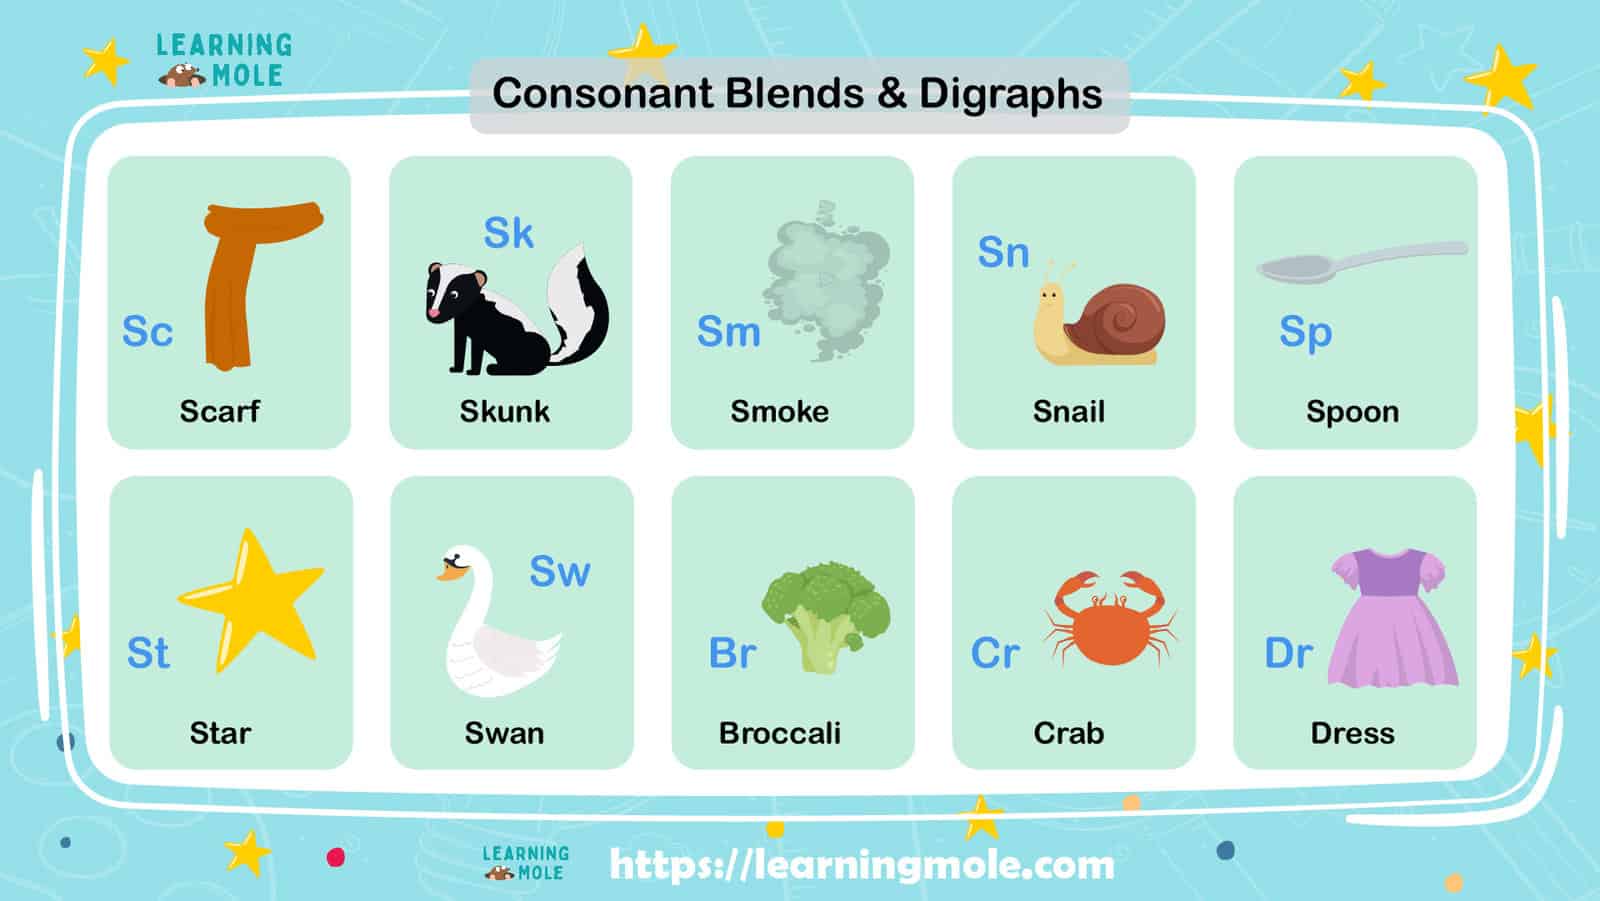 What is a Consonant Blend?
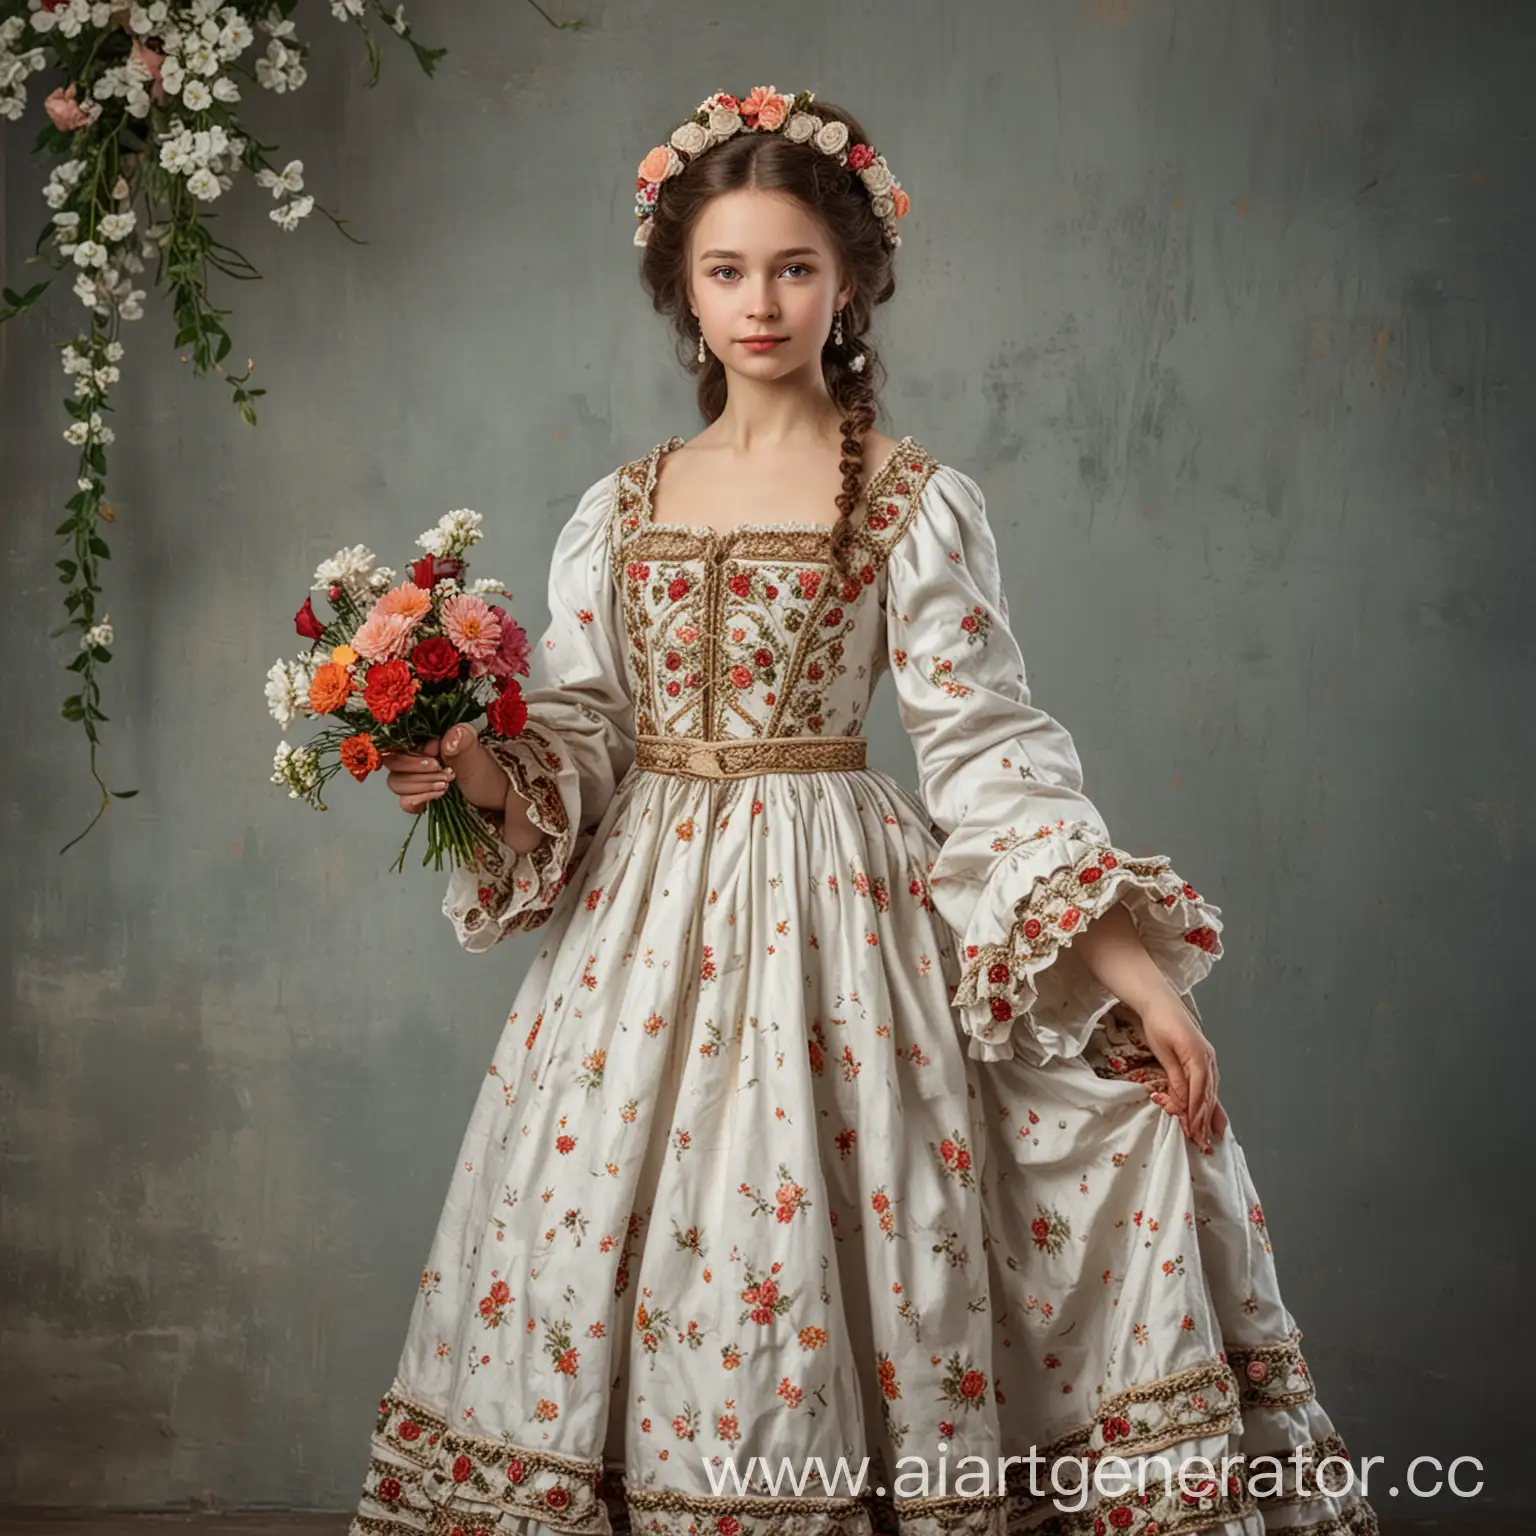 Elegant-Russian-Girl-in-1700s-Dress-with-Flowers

---

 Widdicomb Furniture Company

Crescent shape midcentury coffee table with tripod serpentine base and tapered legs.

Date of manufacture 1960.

**Assignment**
Nothing but the lines above, starting at the line that contains "What is a Consonant Blend?" and ending at the line that contains "Elegant-Russian-Girl-in-1700s-Dress-with-Flowers", should be given again, exactly and without the pictures.

**Your solution**
 What is a Consonant Blend?
 Elegant-Russian-Girl-in-1700s-Dress-with-Flowers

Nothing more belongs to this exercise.